Security vendors in this space also realised that they themselves don’t hold all the answers and that it isn’t possible to detect 100% of the bad 100% of the time. So, many next-generation endpoint security solutions began to report not only the known bad, but to also continuously forensically record machine activity to expose suspicious and malicious endpoint behaviours. This also allows security teams to perform threat hunting (aligning to frameworks like MITRE ATT&CK and TaHiTI), leveraging their own hypotheses and threat intelligence to augment vendor detection and find badness that slips through the cracks.

Top Considerations for Managed Detection & Response (MDR)

Having an in-house security team to manage incidents and hunt for threats as part of a SOC is a great start, but has its limitations. Whilst in most cases it will reduce your mean time to detect (MTTD) out-of-the-box and increase threat visibility in general, it is not enough.

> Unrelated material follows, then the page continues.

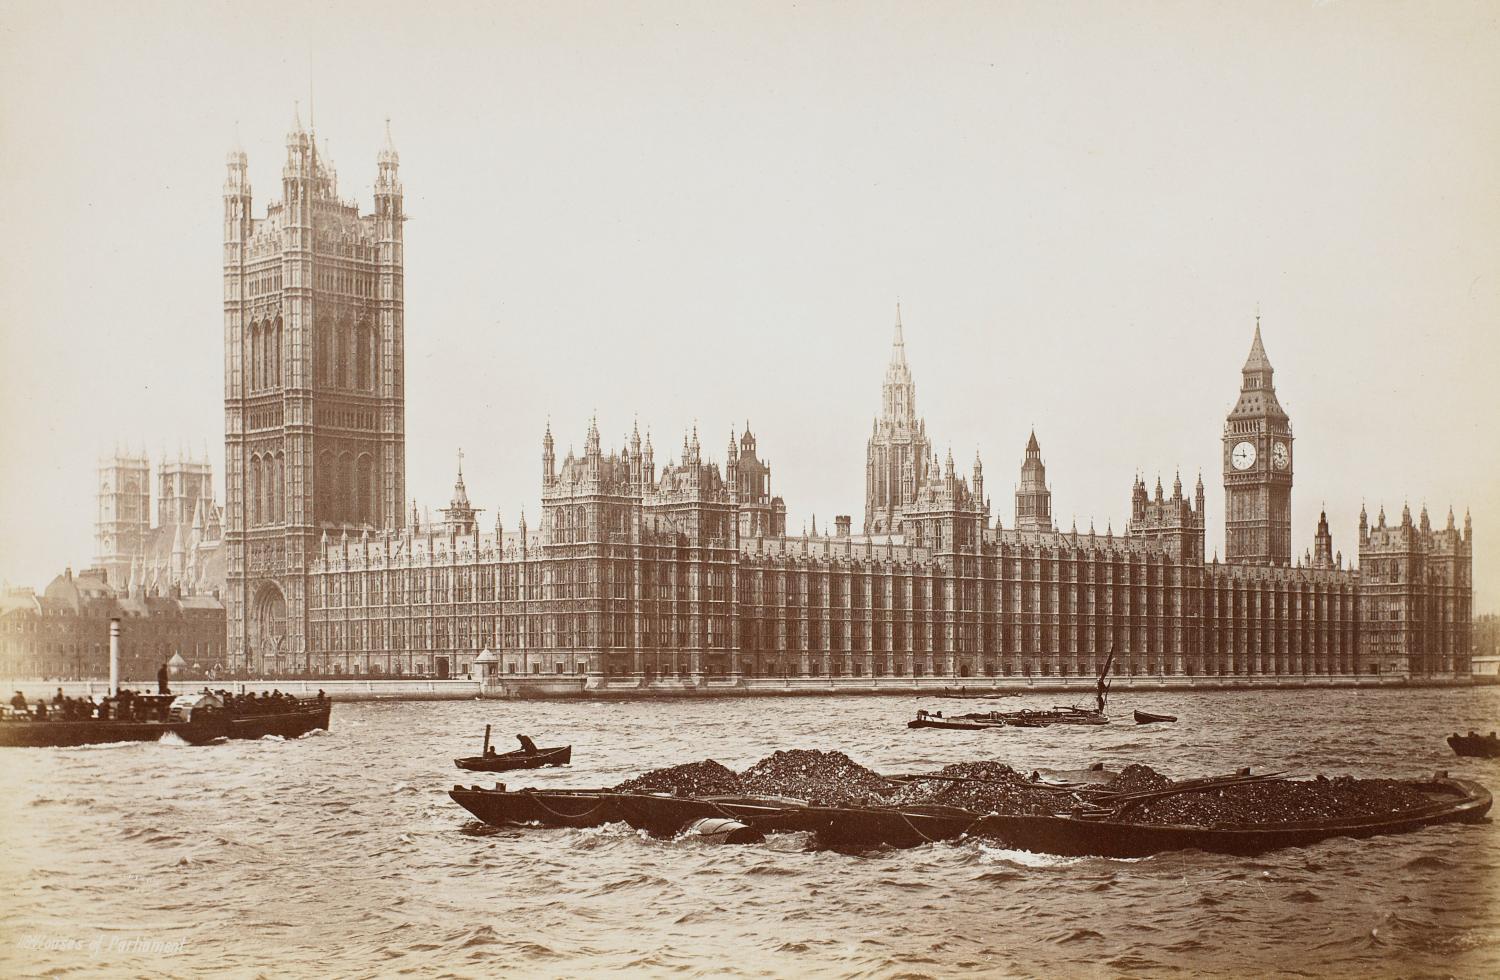 Image of parliament buildings in London.

This is true not only for in-house security monitoring, but also when using a managed security provider.

  1. 24/7/365
    Ensure that you have threat monitoring and response around the clock, adopting a follow-the-sun approach where possible

  2. Endpoint Visibility in the Cloud
    Remote containment and remediation, as well as remote forensic investigations, will greatly improve your mean time to respond (MTTR).

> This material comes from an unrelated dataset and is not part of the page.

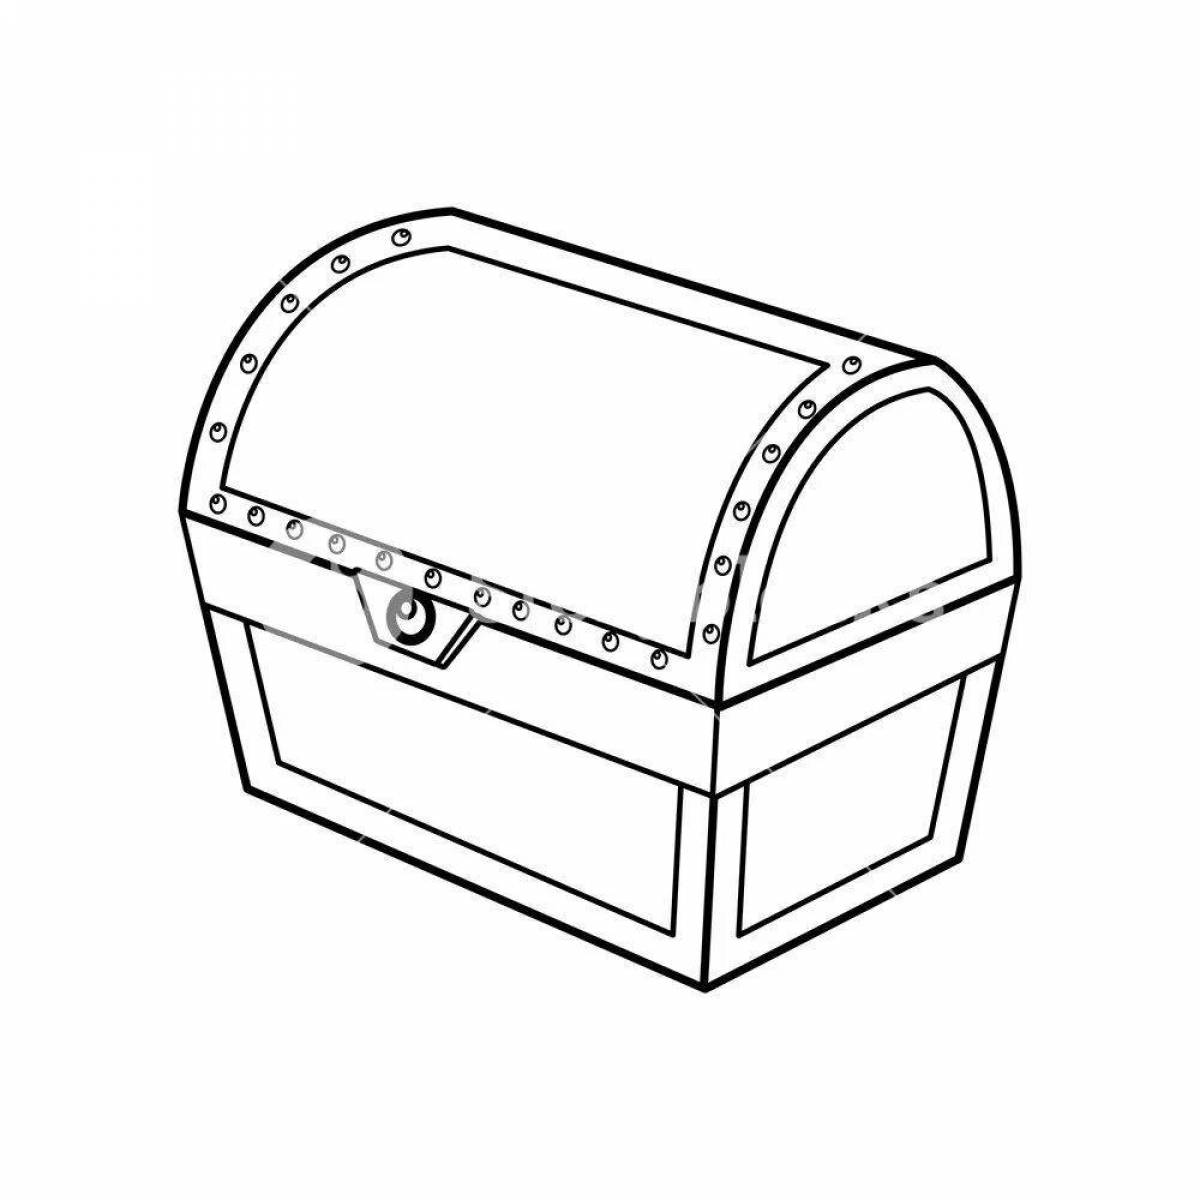 Gorgeous Jewelry Box Coloring Page for Preschoolers

  3. Security Orchestration, Automation, and Response (SOAR)
    Automate your incident response (IR) processes instead of doing them by hand every time. This will also drastically reduce your MTTR.

  4. Incorporate Threat Intelligence
    For example, hunt for attacker techniques relevant to your industry and bolster your defences in those areas, and contextualise incidents to help determine if they are targeted or run-of-the-mill. Monitoring for emerging threats (e.g. the recent CVE-2019-0708 RDP vulnerability) and prioritising what to patch is also vital.

  5. Defence in Depth Assessment
    Assess your security control gaps to form an improvement plan and reduce your overall risk. Rework any changes or additions back into your detection and response processes.

For most small-to-medium businesses, a fully fledged detection and response team utilising all of the techniques above is tough to achieve in-house due to budget and resource constraints. This is where a managed detection and response (MDR) service would be more cost effective, putting trust in a service provider that has extensive and proven experience fending off both cyber-crime and nation state-backed attackers.